The Black Mamba and the Crimson Assassin
Hield got a chance to meet one of his idols, Kobe Bryant, after the Sooners’ Sweet 16 victory Thursday night.
After Hield scored 37 points, setting all kinds of records in the process, Oklahoma teammate Jamuni McNeace compared Hield to Bryant. McNeace said that Hield might have played better because Bryant was in the building.
Hield said that he didn’t know Bryant was in attendance for the Sweet 16 game. He also didn’t like the comparison to Bryant, a guaranteed first ballot Hall of Famer.
“I’m not Kobe Bryant, and they should not compare me,” Hield said. “I’m far away from him. I just make shots. It’s kind of cool, but me and Kobe are in two different classes and I don’t need to be compared with him.”
Winning down low
A big part of Oklahoma’s success Saturday night was the battle on the glass. By halftime, Oklahoma had as many offensive rebounds as Oregon had total rebounds. Oklahoma pulled down six more rebounds than the Ducks after being out-rebounded by Cal State-Bakersfield and Texas A&M and having the same number of rebounds as VCU.
How did the Sooners do it against a team that had a decided size advantage?
“Just being physical and strong in there and making sure we get body on them,” forward Ryan Spangler said. “I think they’ve killed a lot of teams because they used their size and length and athleticism and go up there and get the ball. (Saturday), I think we made sure we put a body on them and didn’t let them get that many.”

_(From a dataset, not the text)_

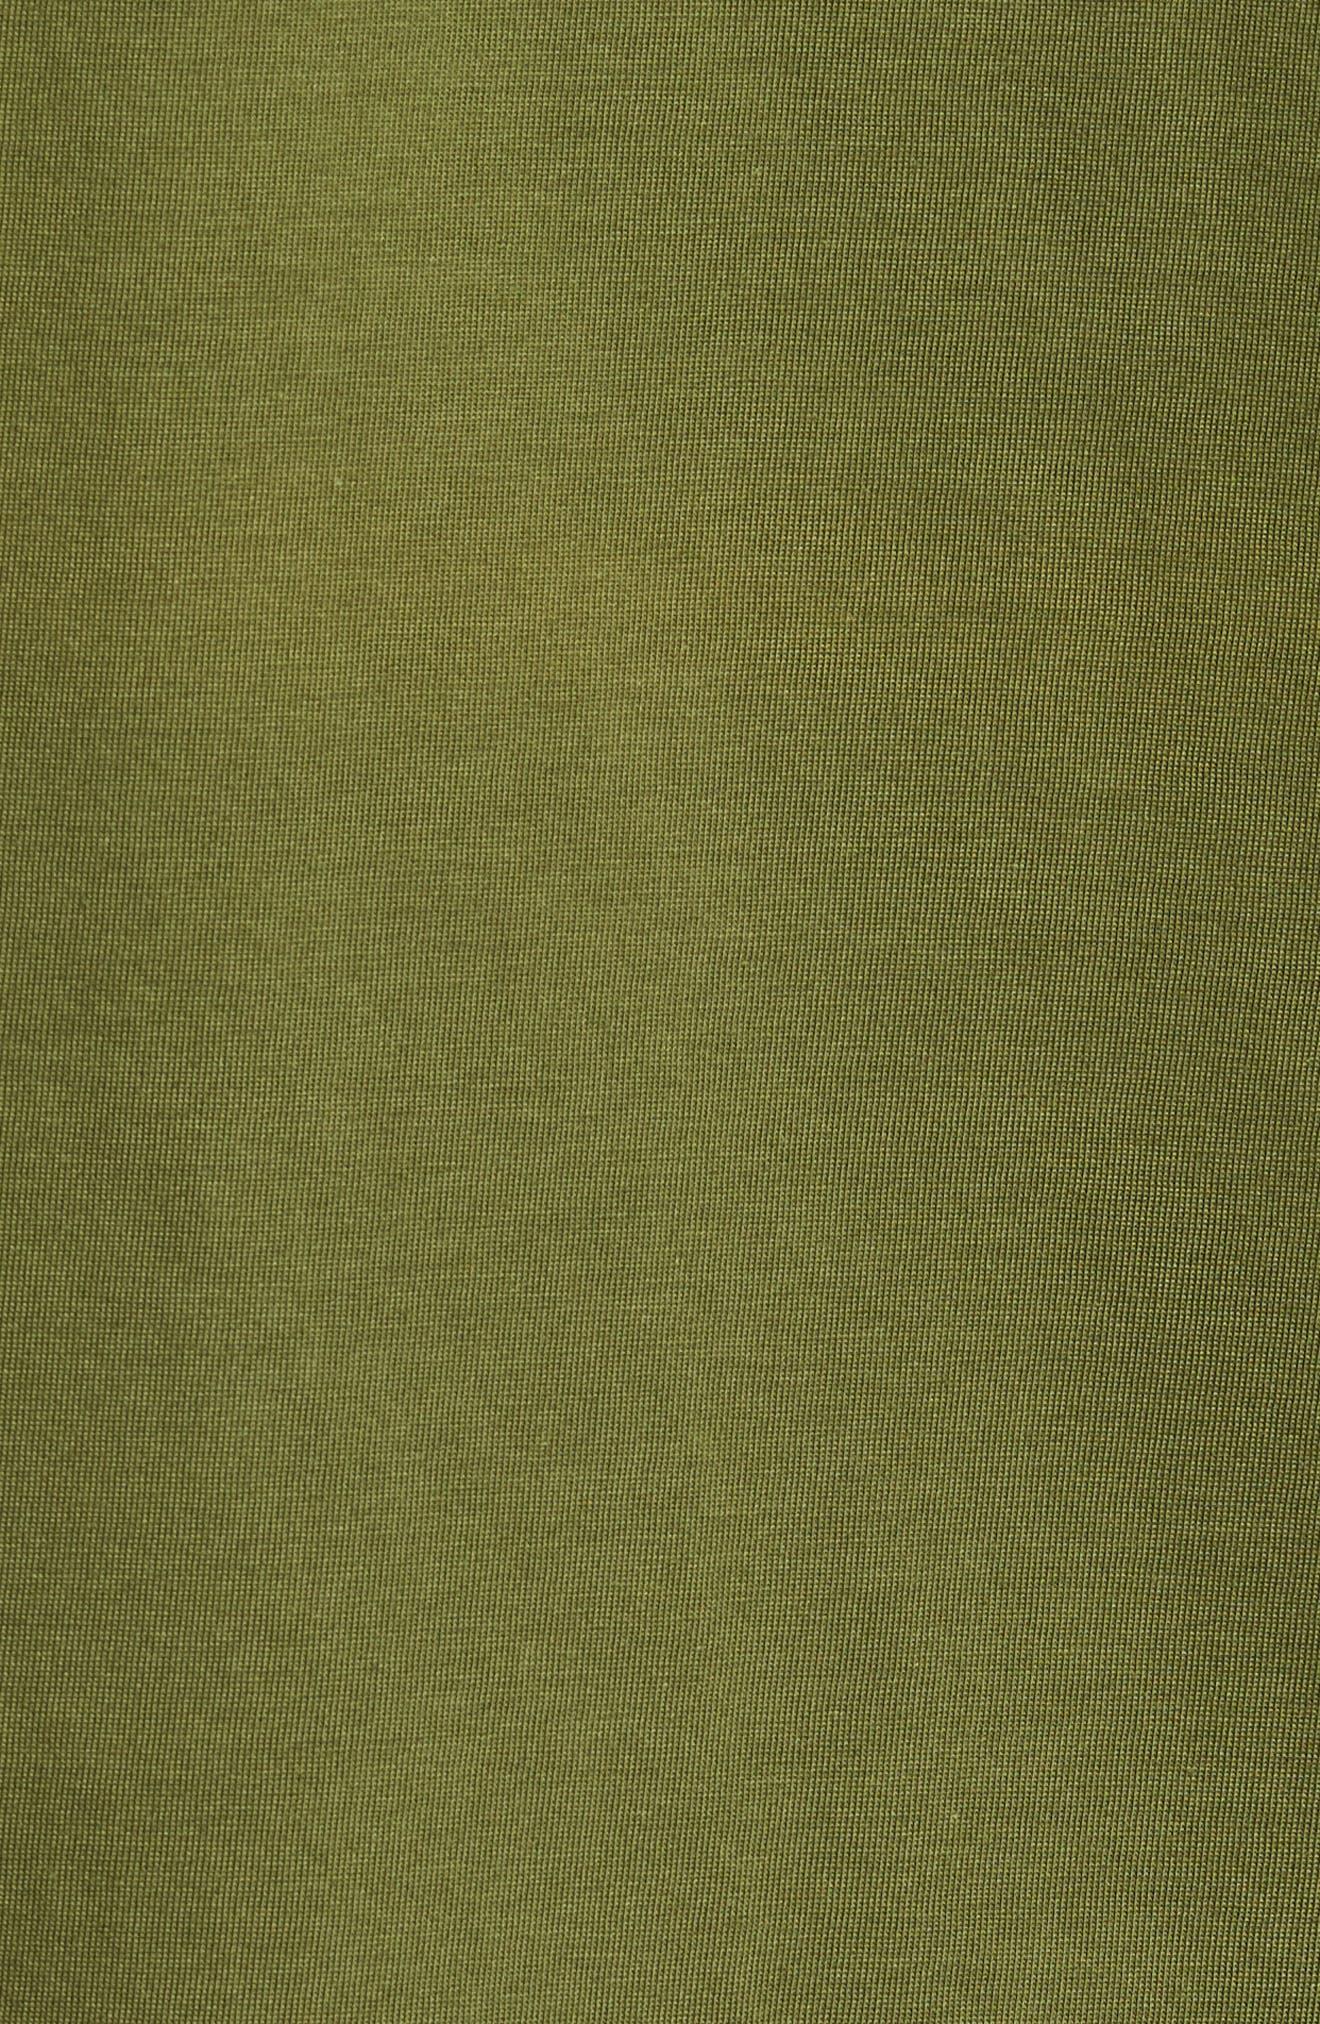 V-Neck Cotton T-Shirt,                             Alternate thumbnail 5, color,                             305

Lattin had a simpler explanation.
“We kind of just imposed our will in the paint,” he said.
Buford’s second try
With an open lane, Sooners’ freshman Dante Buford – voted the team’s best dunker – attacked the basket with Oklahoma ahead by four points midway through the first half. He was sent back by Oregon forward Jordan Bell.
The Ducks were one of the best blocking teams in the nation, and Buford learned the hard way. He wasn’t about to give up though.
“I had to redeem myself,” Buford said. “It was a good block by Bell, but I crashed the board and got a put back. Next time down, Jordan (Woodard) gave me an assist for a little two-handed flush.”
On the very next possession, Buford slammed home a missed 3-pointer by Hield. Three possessions later, Woodard found him for another dunk. Buford finished with four points but played one of his better games off the bench.